PowerPoint slide show. Narrative description. R code for some of the computations including dominance analysis (average increment).

Regression Diagnostics (model fit, estimation problems)

We use a model to represent the data. If the model is a good representation, then our inferences should be sound. There are assumptions that are important for interpreting the results and making inferences. We describe using graphs to spot problems of outliers, heteroscedasticity and linearity. We describe computer-generated indices of model fit including studentized residuals, and dfbetas. We proceed to define collinearity (the problem of large correlations among our predictors) and indices designed to diagnose it, including tolerance, the variance inflation factor, and the condition index. I briefly describe some remedies for problems encountered by diagnostics.

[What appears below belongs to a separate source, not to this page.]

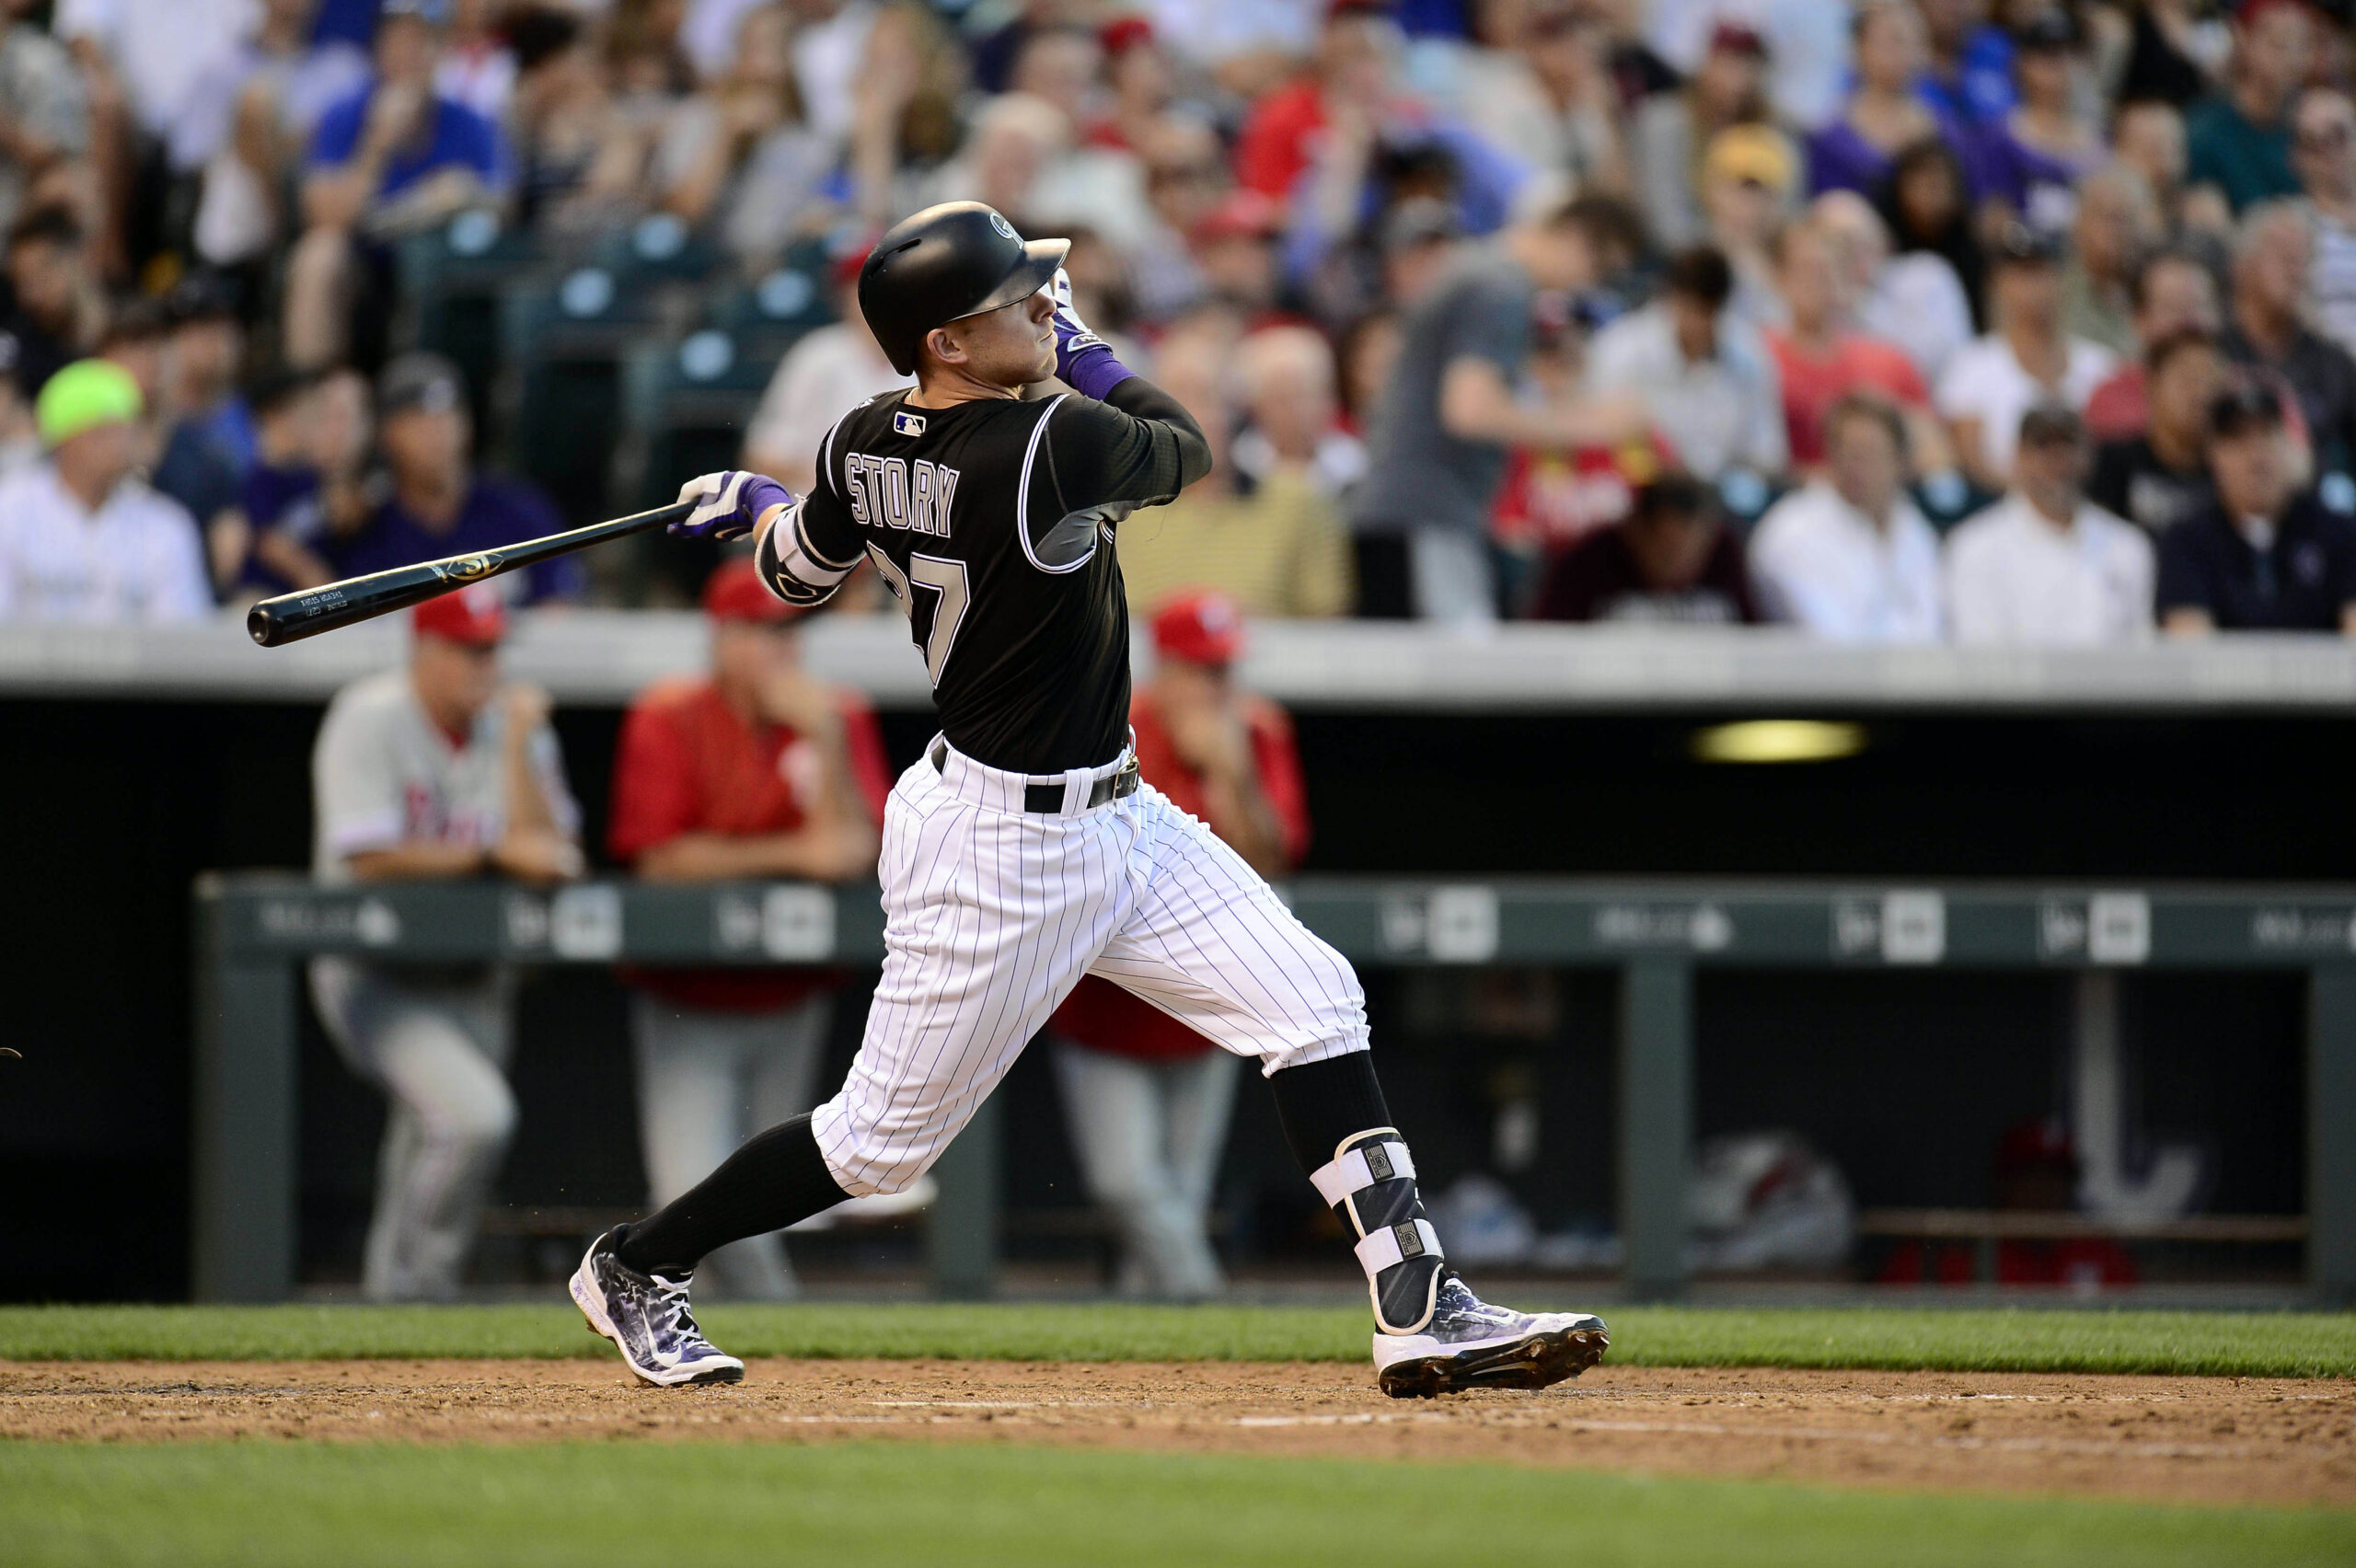 Trevor Story will try to prove he can hit away from Coors Field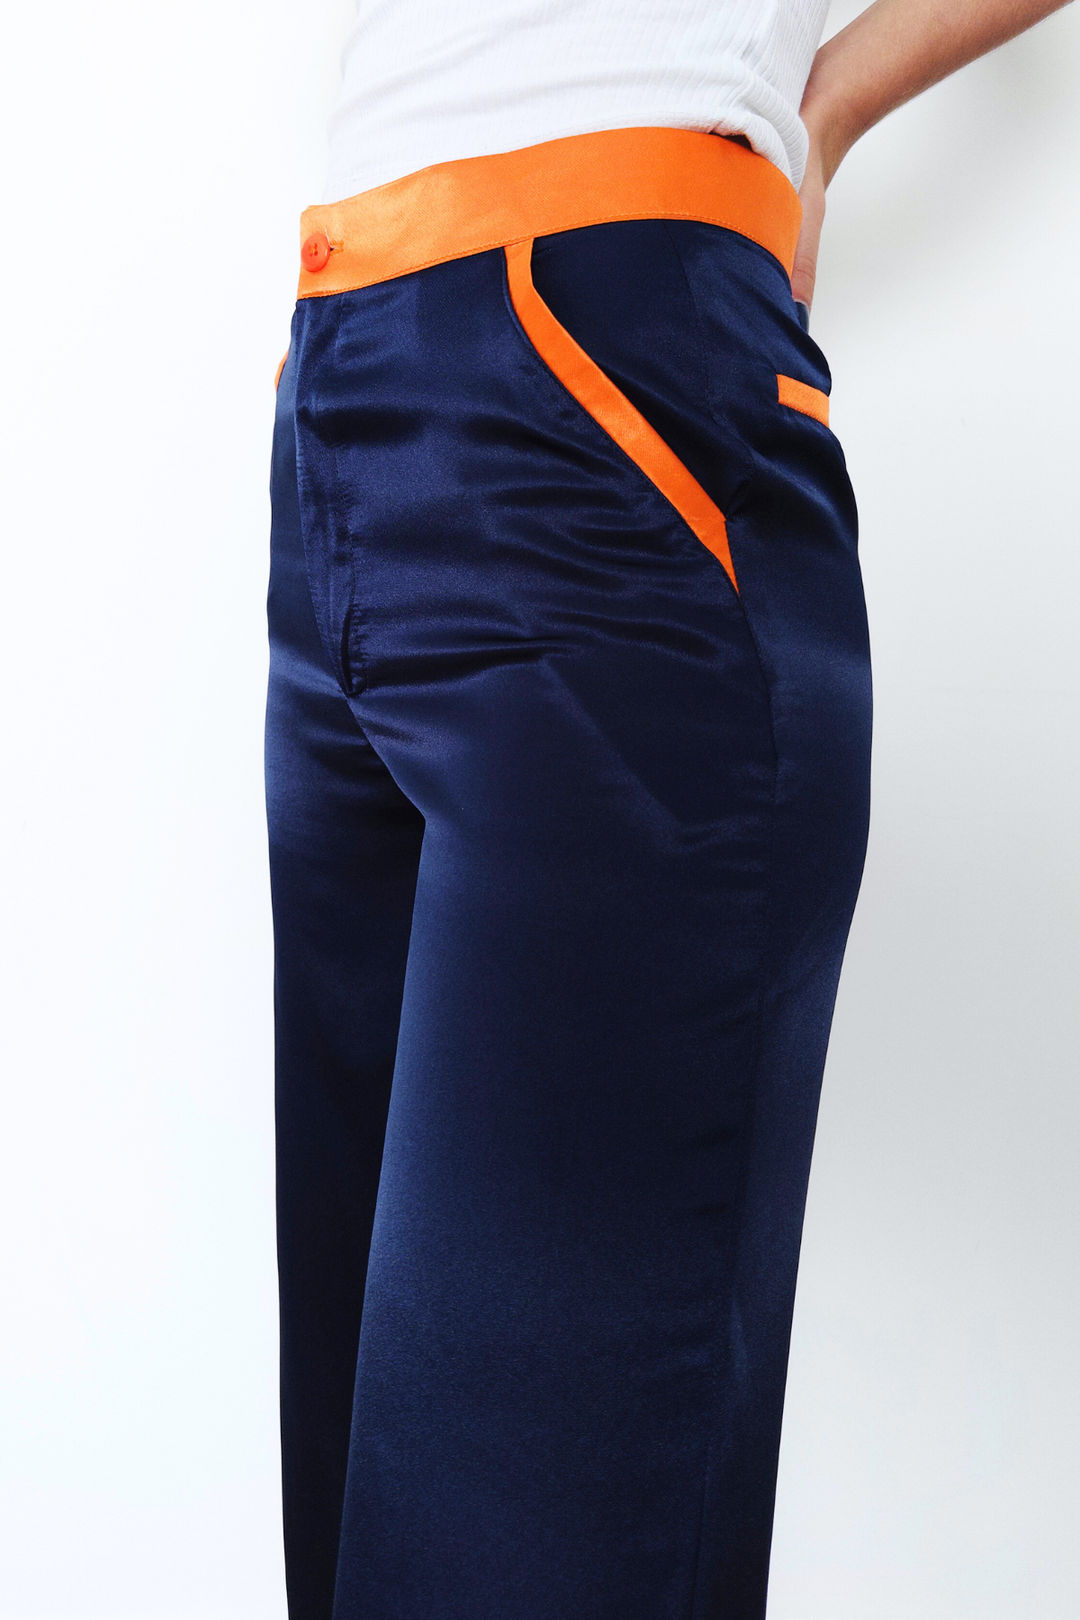 navy silk trousers, wide-leg, with orange contrast trims worn in London

Powerpoint slides. R code for univariate diagnostics and collinearity.

Nonlinear Relations (curves and interactions)

The regression model assumes that the relations between the criterion and the predictors are well represented by straight lines. Sometimes this is not the case, for example, gas mileage and engine power in automobile engines are best represented by a curved line rather than a straight one. Sometimes there are interactions among our independent variables such that the slope of one variable depends upon the value of another. For example, the relations between autonomy and job satisfaction is thought to depend upon a personality characteristic (growth need strength). Such departures from linearity are the topic of this module. First we cover polynomial regression, where we fit bends using predictors taken to powers (e.g., x and x-squared). Then we show how to test for interactions, and we end by distinguishing moderator and mediator in regression.

PowerPoint slides. R code for polynomial regression and testing interactions.

Analysis of Covariance (ANCOVA)

The analysis of covariance model contains both categorical and continuous variables. An example might test whether men or women (categorical variable) show better performance on a test at the end of a calculus class (dependent variable), where at the beginning of the class, all were given a test of quantitative reasoning (covariate). Some experimental psychologists reserve the term 'analysis of covariance' for designs in which the independent variable is randomly assigned and the covariates are used to improve power by removing nuisance variance. I don't make that distinction - here we are talking about the analsysis, not the design. However, it certainly the case that covariates can either increase or decrease the power of the test of the categorical variable, so you should be thoughtful about what goes into the model.

PowerPoint slides. R code for computing ANCOVA.